Summary:  When it comes to collating canonical numeric strings, the number of significant digits supported is limited only by the string length.  When it comes to doing decimal arithmetic in Caché, the computational results are rounded so they have less than 19 decimal digits of precision.

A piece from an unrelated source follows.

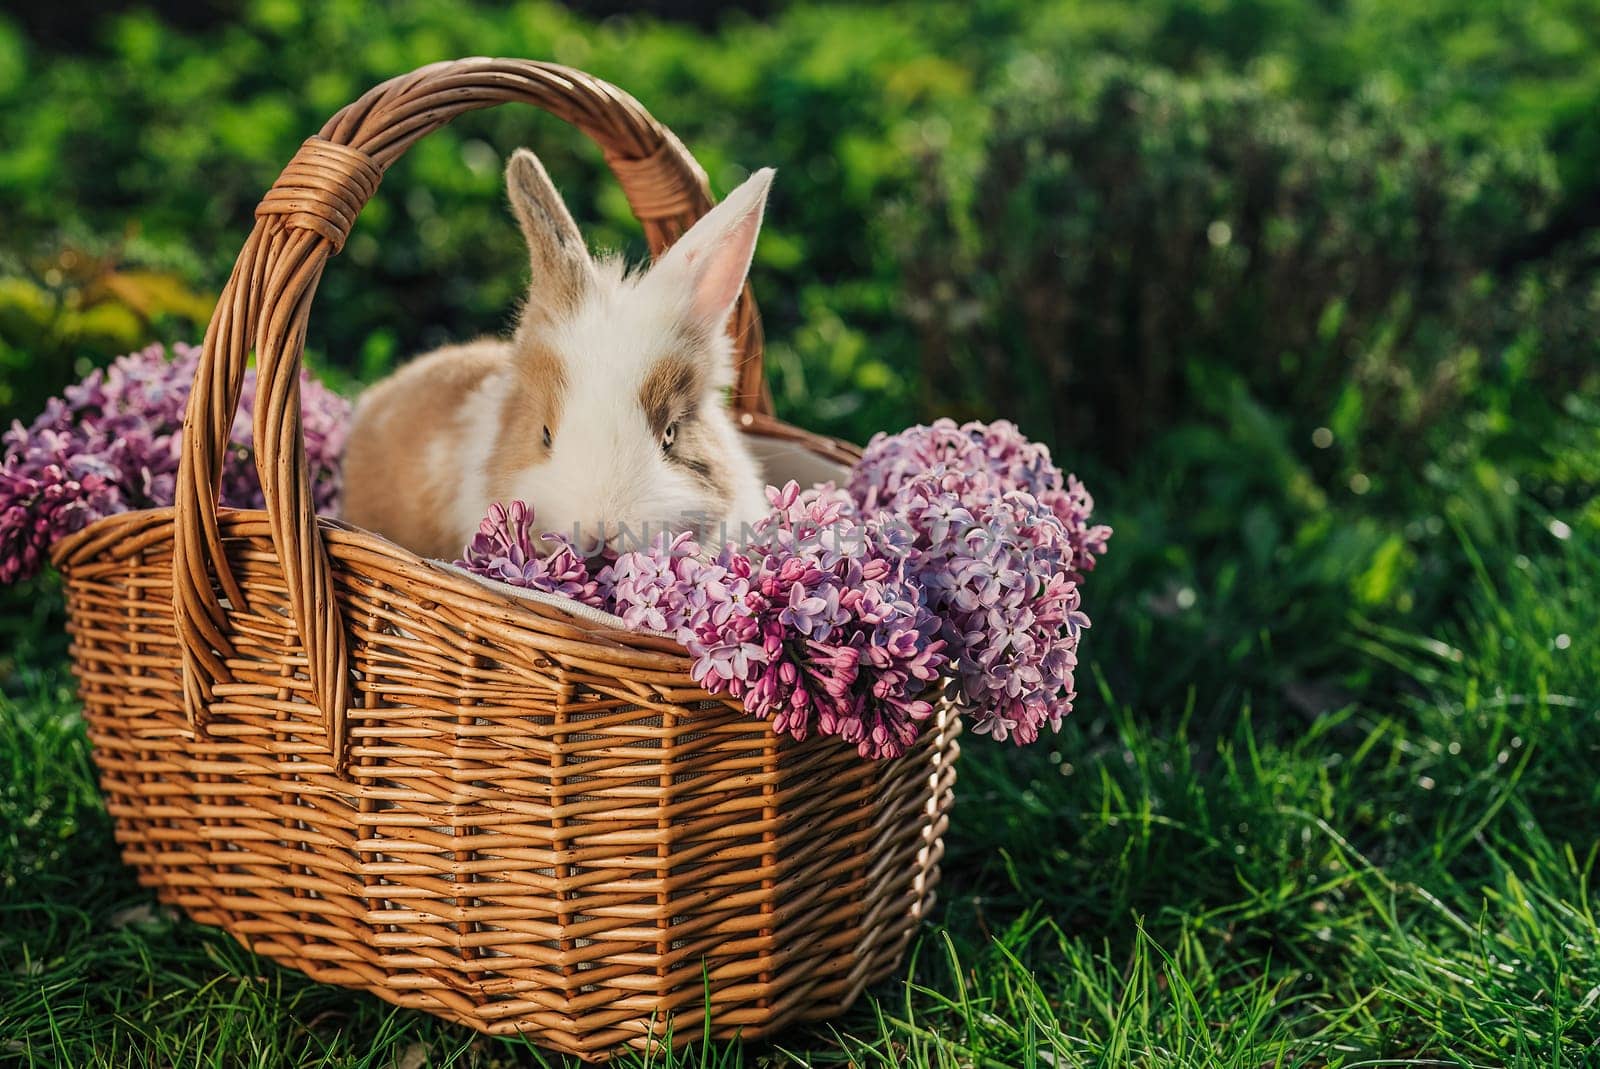 Cute little baby rabbit in wicker basket on nature background. Easter bunny symbol with lilac flowers bouquet. by kristina_kokhanova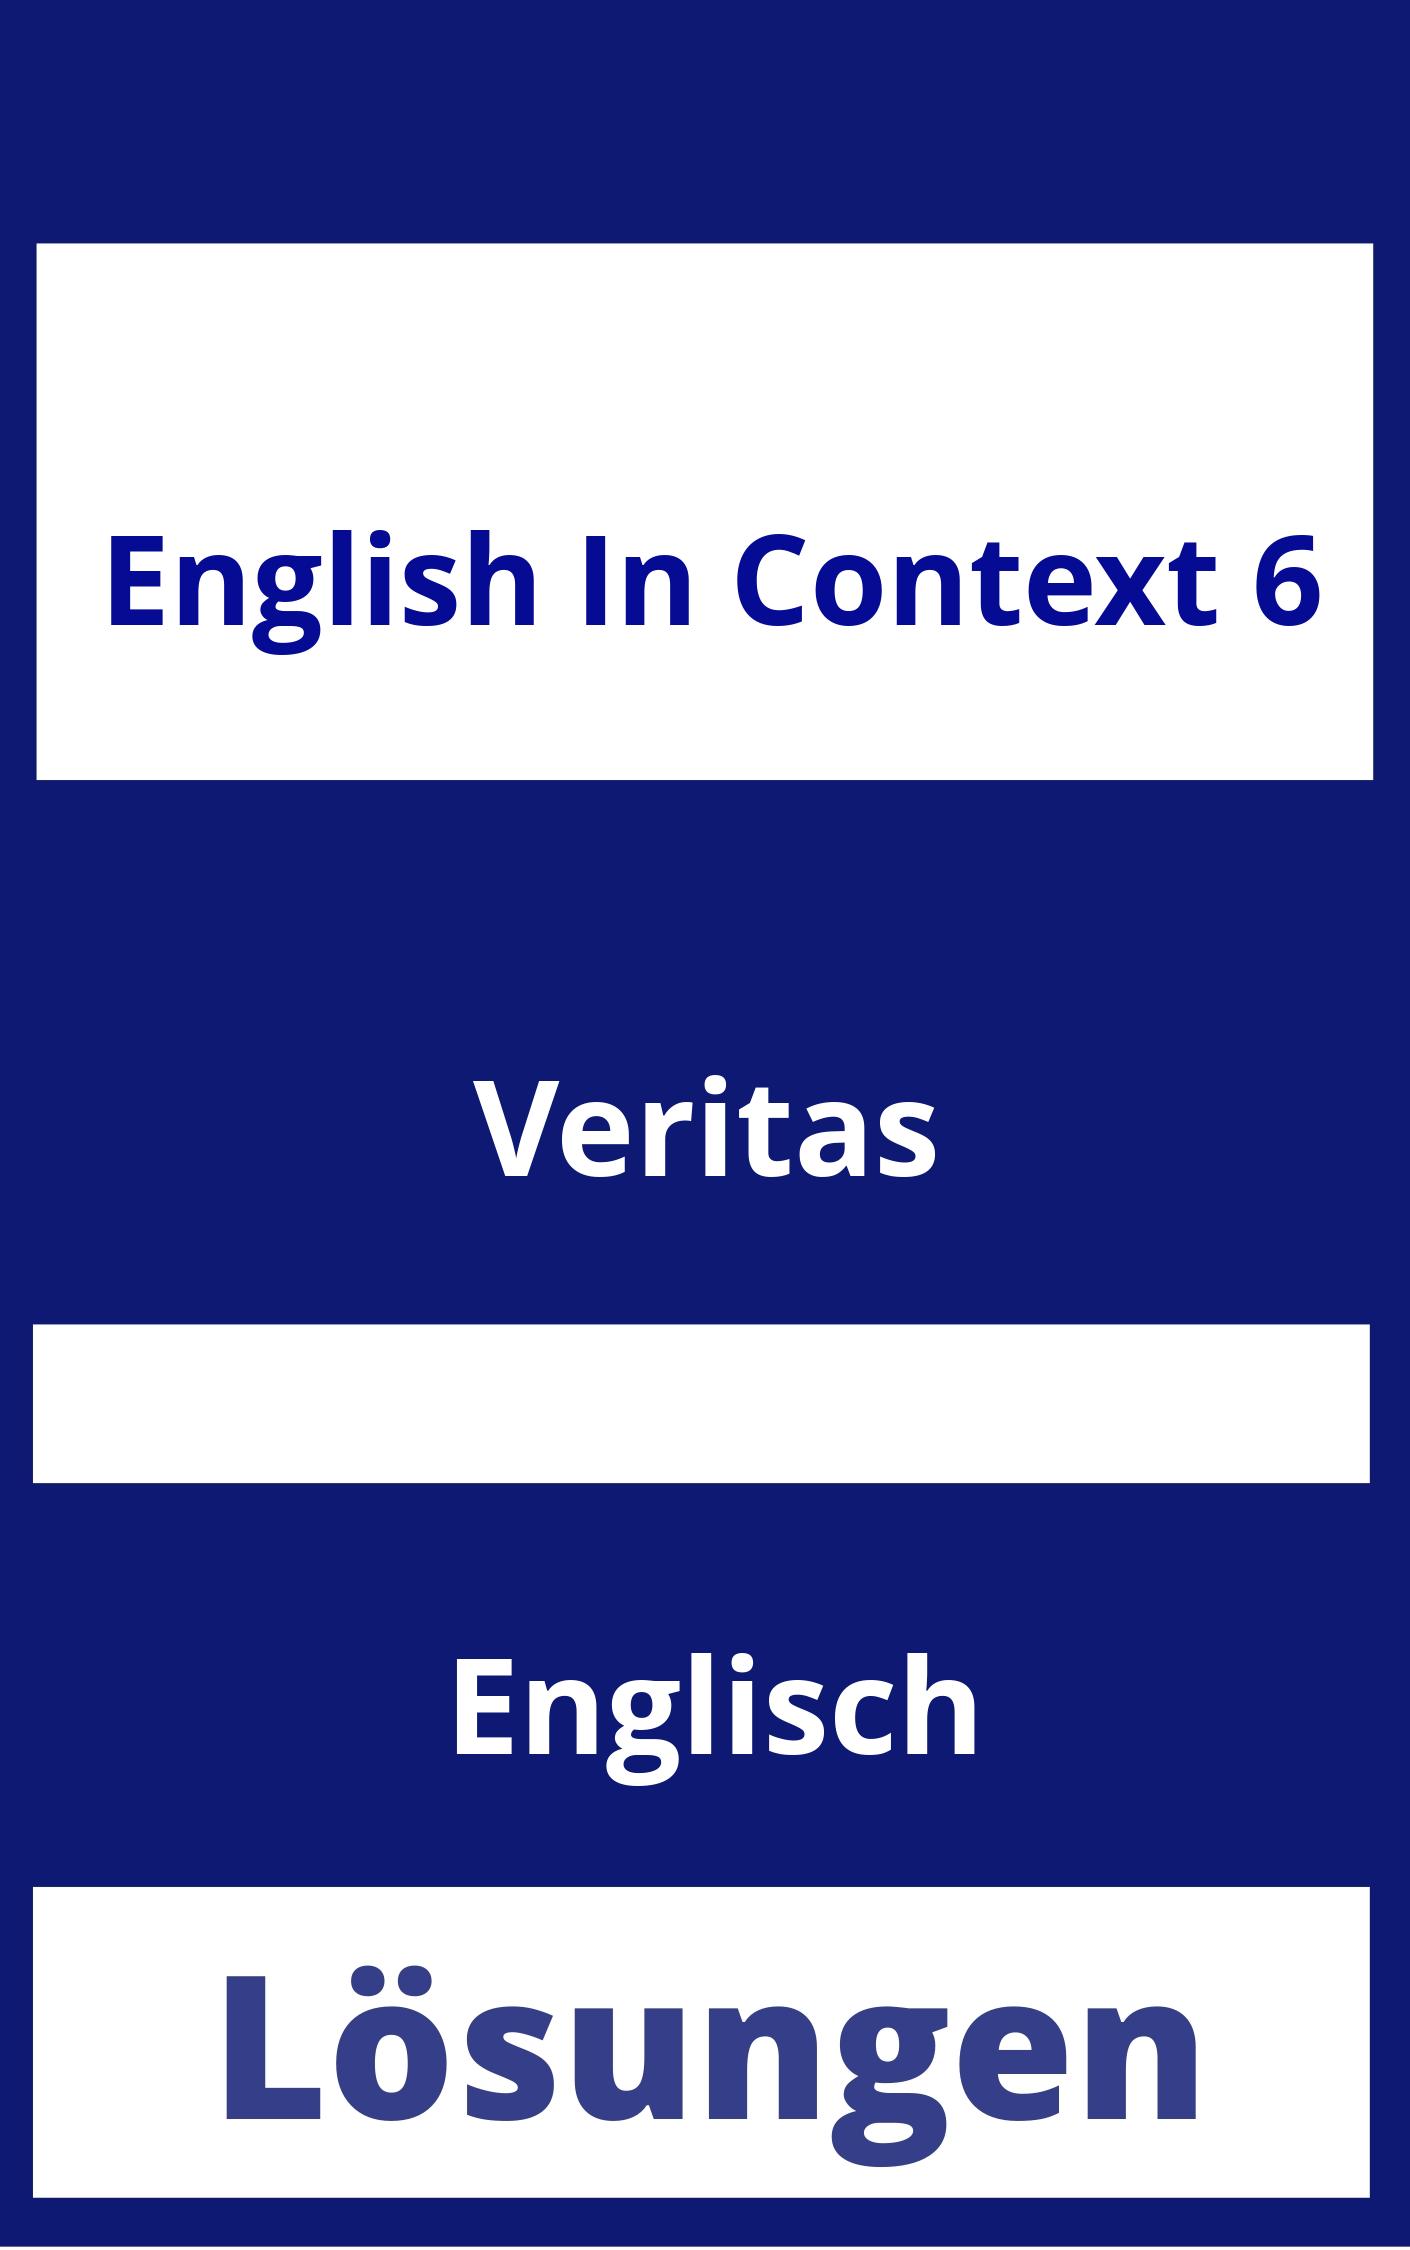 English in Context 6

I.e., the "]"-operator returns 1 if the first string operand collates after the second string operand.​

That's true for String type collations only (e.g. Cache String, Cyrillic2 String, etc). For most other collations defined in Cache (traditionally called Numeric collations) which comply the rule "numbers go first" (e.g. Cache Standard, Cyrillic2) one should use "]]" as "collate after" operator. In common, "]]" seems to be the better choice as it uses current collation rather than String one. This small sample code can demonstrate the difference between "]" and "]]": 

num
 new b,a,i,i0 
 set b("12345678901234567870")="Num20" set b("12345678901234567874")="NotNum20"
 set a=1E30,b(+a)=1,b(+a_"11")=11,b(+a_"111")=111,b(+a_"1a")="3a",a=3E30,b(+a)=3,b(+a_"33")=33,b(+a_"333")=333,b(+a_"1a")="4a"
 set i="",i0="" for  set i=$order(b(i)) quit:i=""  write "(i]]i0)=",i]]i0," (i]i0)=",i]i0," (i>i0)=",i>i0," (i=+i)=",i=+i,?30," " zwrite b(i) set i0=i
 quit

The result for Cache Standard collation is:  

LEARN>d num^ztest
(i]]i0)=1 (i]i0)=1 (i>i0)=1 (i=+i)=1 b(12345678901234567870)="Num20"
(i]]i0)=1 (i]i0)=1 (i>i0)=0 (i=+i)=0 b("12345678901234567874")="NotNum20"
(i]]i0)=1 (i]i0)=0 (i>i0)=1 (i=+i)=1 b(1000000000000000000000000000000)=1
(i]]i0)=1 (i]i0)=1 (i>i0)=1 (i=+i)=1 b(3000000000000000000000000000000)=3
(i]]i0)=1 (i]i0)=0 (i>i0)=1 (i=+i)=0 b("100000000000000000000000000000011")=11
(i]]i0)=1 (i]i0)=1 (i>i0)=1 (i=+i)=0 b("300000000000000000000000000000033")=33
(i]]i0)=1 (i]i0)=0 (i>i0)=1 (i=+i)=0 b("1000000000000000000000000000000111")=111
(i]]i0)=1 (i]i0)=1 (i>i0)=1 (i=+i)=0 b("3000000000000000000000000000000333")=333
(i]]i0)=1 (i]i0)=0 (i>i0)=0 (i=+i)=0 b("10000000000000000000000000000001a")="3a"
(i]]i0)=1 (i]i0)=1 (i>i0)=1 (i=+i)=0 b("30000000000000000000000000000001a")="4a"

 

Yes, in my original posting I meant to use the "sorts after" operator, ]], when I incorrectly used the "follows" operator, ].  I have corrected the original post.